The key is resisting the urge to find a superficial connection. “Bird” and “nest” might seem like they go together because birds live in nests, but the precise relationship is “creature : habitat.” Then you’d look for other creature-habitat pairs: “fish : water,” “burrow : rabbit,” “den : bear.” This precision in relationship naming is what analogy questions reward.

Types & Approach

Part-Whole: Hand : Body, Chapter : Book, Petal : Flower Cause-Effect: Fire : Burn, Rain : Flood, Effort : Success Worker-Tool: Surgeon : Scalpel, Writer : Pen, Painter : Brush Sequence/Order: Breakfast : Lunch : Dinner, Inhale : Exhale, Birth : Death **Degree:**同意 :狂热 (Consent : Fanaticism), Cold : Freezing, Fond : Obsessed Function/Purpose: Knife : Cut, Hammer : Strike, Thermometer : Measure Similarity/Resemblance: Twin : Resemble, Map : Territory, Echo : Reflection Opposite: Black : White, Hot : Cold, Generous : Stingy Source-Product: Tree : Fruit, Cow : Milk, Wheat : Bread

Approach: First, name the relationship between the first pair in precise, simple terms. Second, generate 2-3 possible relationships the answer pairs could have.

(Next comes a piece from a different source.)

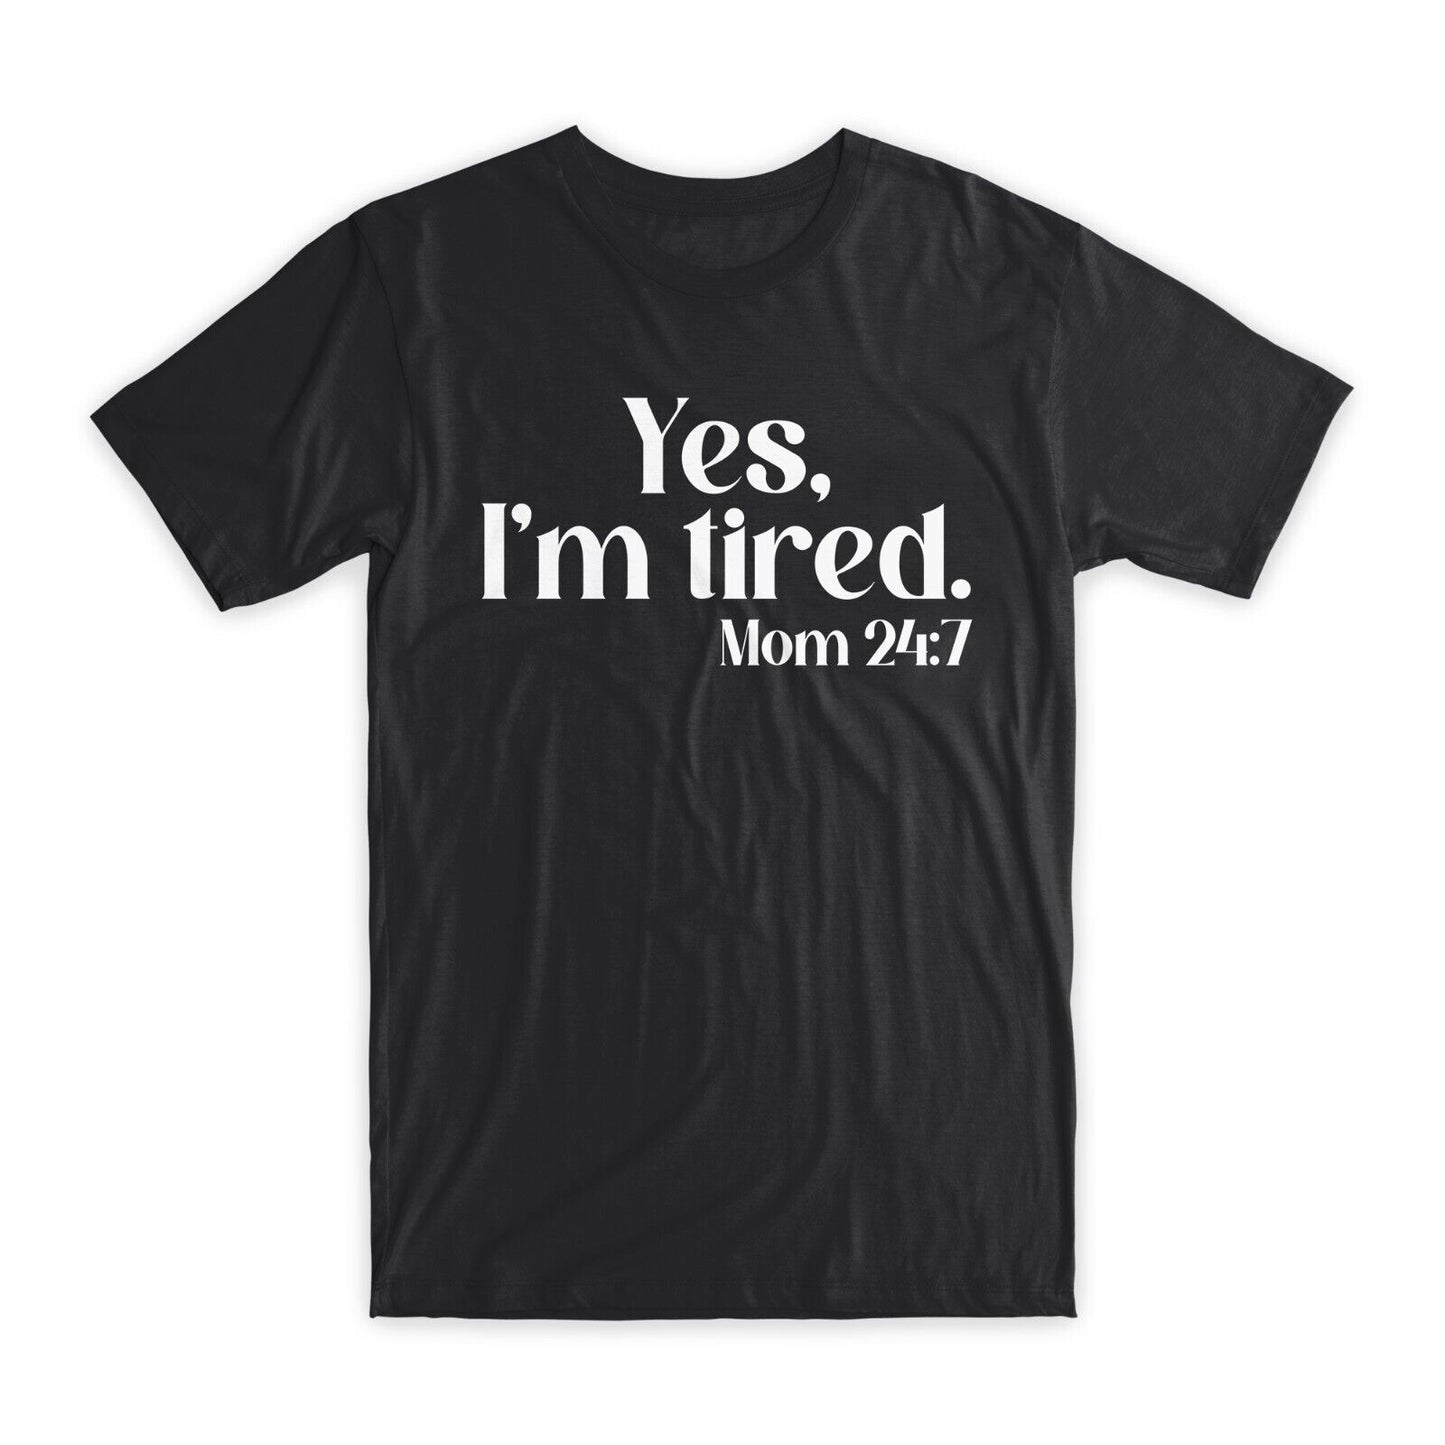 Yes I'm Tired T-Shirt Premium Soft Cotton Crew Neck Funny Tees Novelty Gifts NEW
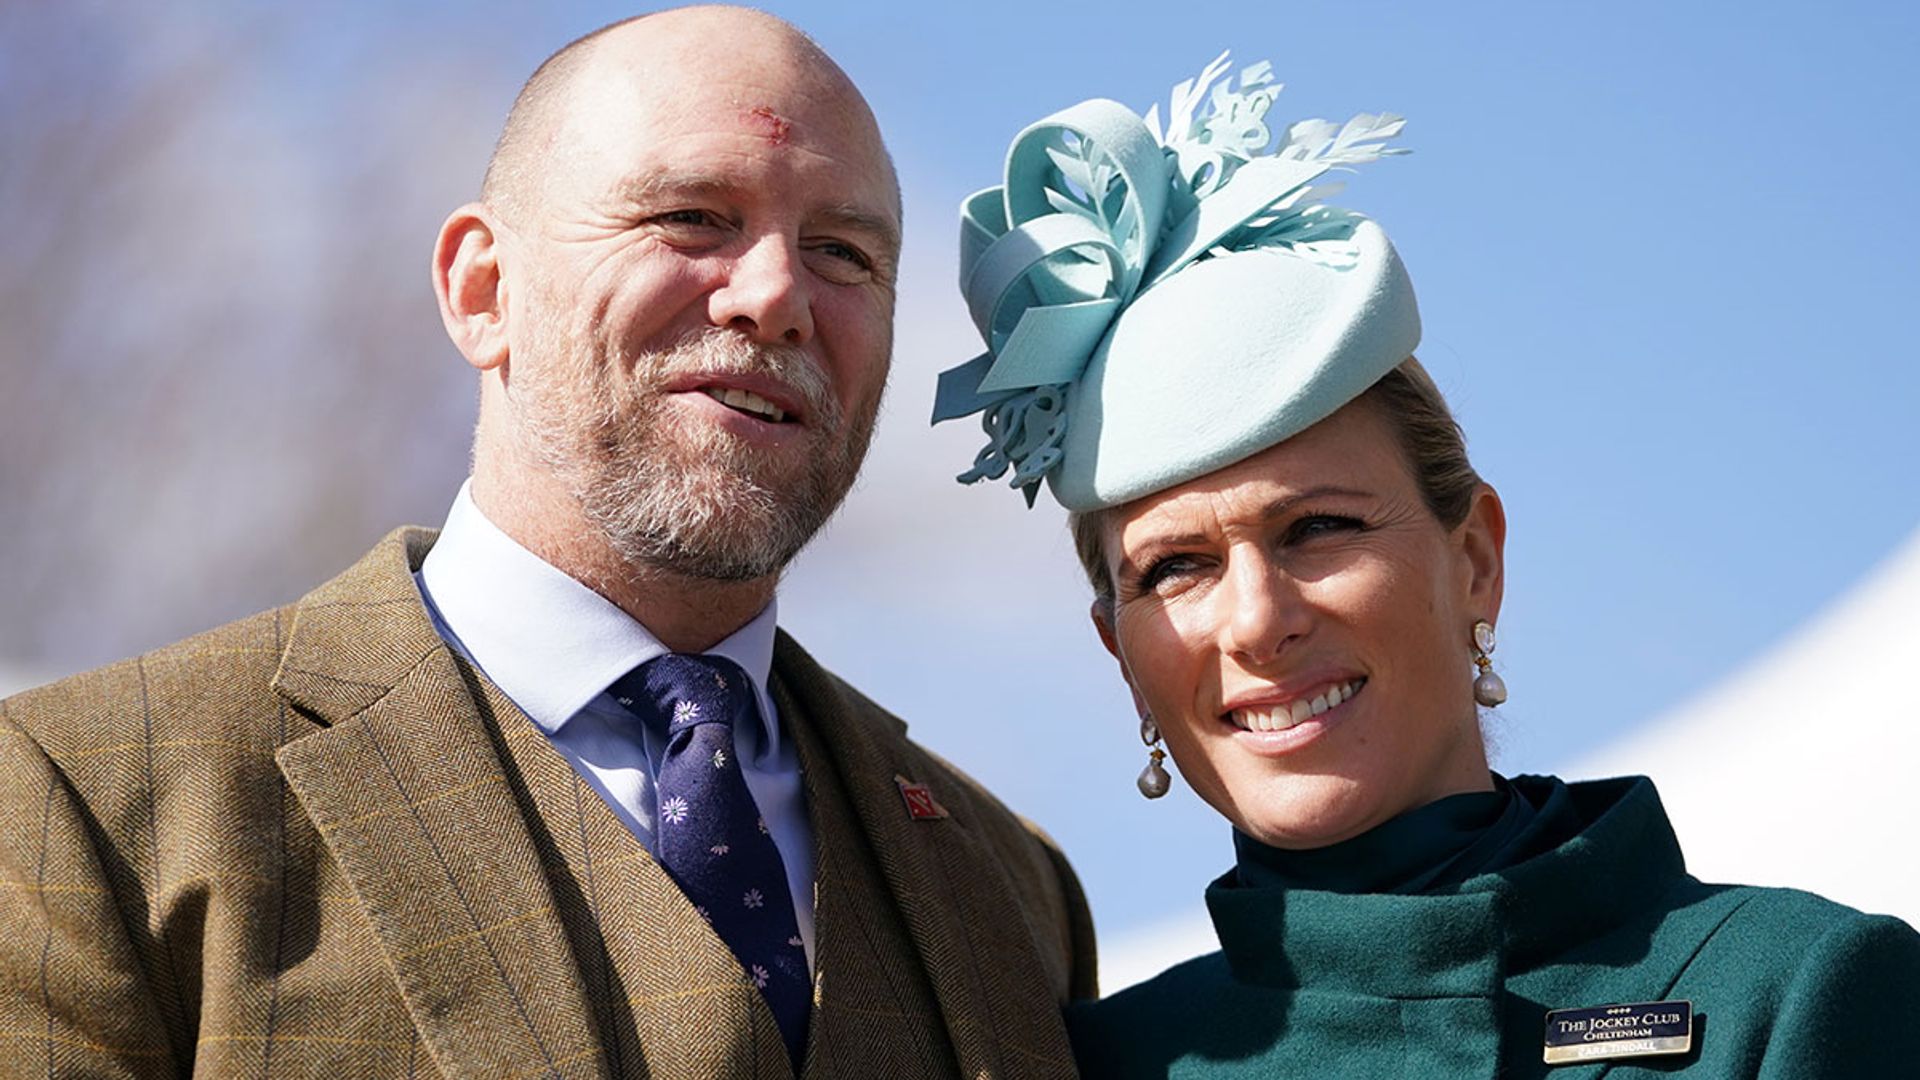 Mike Tindall shares loved-up tribute to wife Zara ahead of 41st birthday

Third, match — the correct answer will satisfy the exact same relationship type.

Step-by-Step Example

Q: CROW : BIRDCAR :: BUTTERFLY : ___ (A) Insect (B) Cocoon (C) Caterpillar (D) Wings

Approach: Step 1 → CROW is a specific type of bird. “Birdcar” is not a standard word — let’s reconsider. Actually: CROW : BIRD :: BUTTERFLY : ___ could be “CROW is a type of BIRD, so BUTTERFLY is a type of ___.” Step 2 → Butterfly is a type of insect (not a cocoon, which is what it transforms into, or wings, which are parts) Step 3 → The relationship is “specific type : general category” Answer: (A) Insect

Common Mistakes

  • Settling for vague connections → Be specific: “related to” is useless; “type of,” “opposite of,” “part of” are precise
  • Missing double relationships → Some pairs have two valid relationships; use context to determine which one is relevant
  • Rushing past the first pair → Many students jump to options before properly analyzing the given pair, leading to wrong relationship identification

📐 Diagram Reference

Relationship type wheel with 8 categories: Part-Whole, Cause-Effect, Worker-Tool, Sequence, Degree, Function, Similarity, Opposite

Diagrams are generated per-topic using AI. Support for AI-generated educational diagrams coming soon.